# Requirement:
Starting at the line that has "1:12 Minichamps Honda" and stopping after the line that has "Best Modele Fauteuille", reproduce the listing below exactly; omit everything else.

# Provided entries:

======

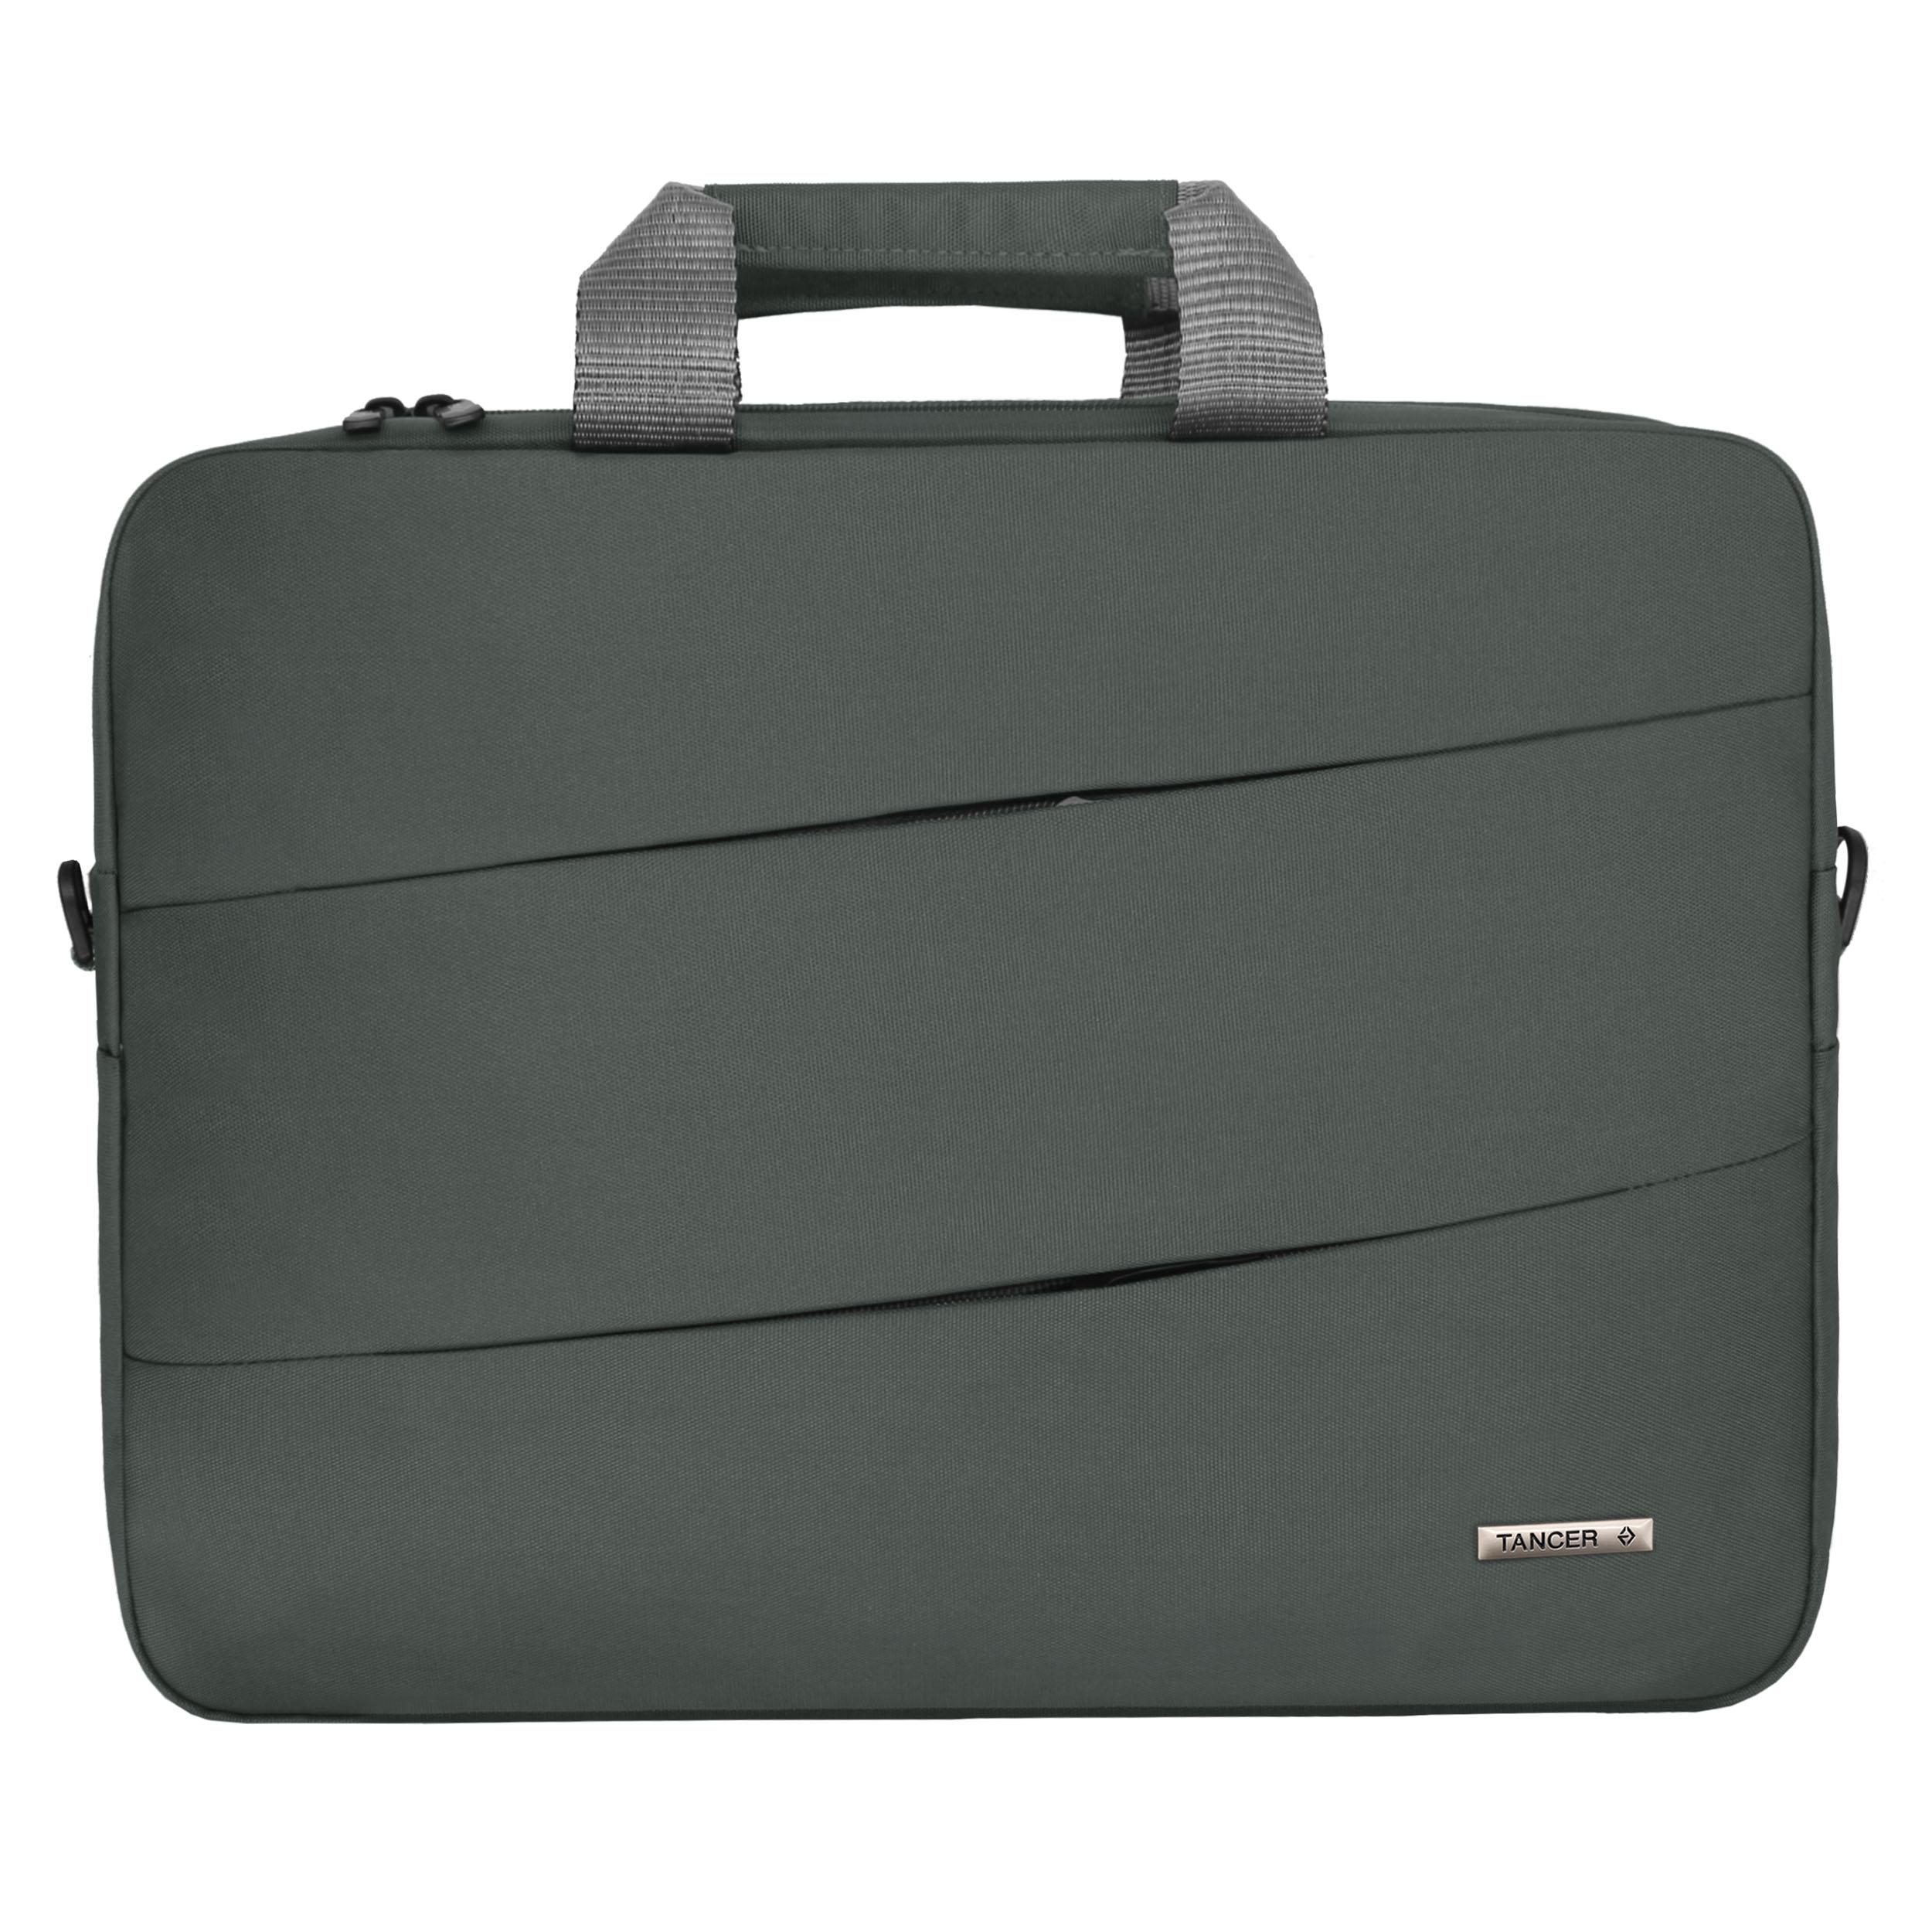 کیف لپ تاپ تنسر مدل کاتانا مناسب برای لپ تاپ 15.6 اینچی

======

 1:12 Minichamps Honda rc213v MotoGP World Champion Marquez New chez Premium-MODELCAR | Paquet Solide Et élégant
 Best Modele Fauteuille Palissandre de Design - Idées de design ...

======

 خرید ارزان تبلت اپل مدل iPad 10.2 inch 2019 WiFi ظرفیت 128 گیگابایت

======

# Task answer:
 1:12 Minichamps Honda rc213v MotoGP World Champion Marquez New chez Premium-MODELCAR | Paquet Solide Et élégant
 Best Modele Fauteuille Palissandre de Design - Idées de design ...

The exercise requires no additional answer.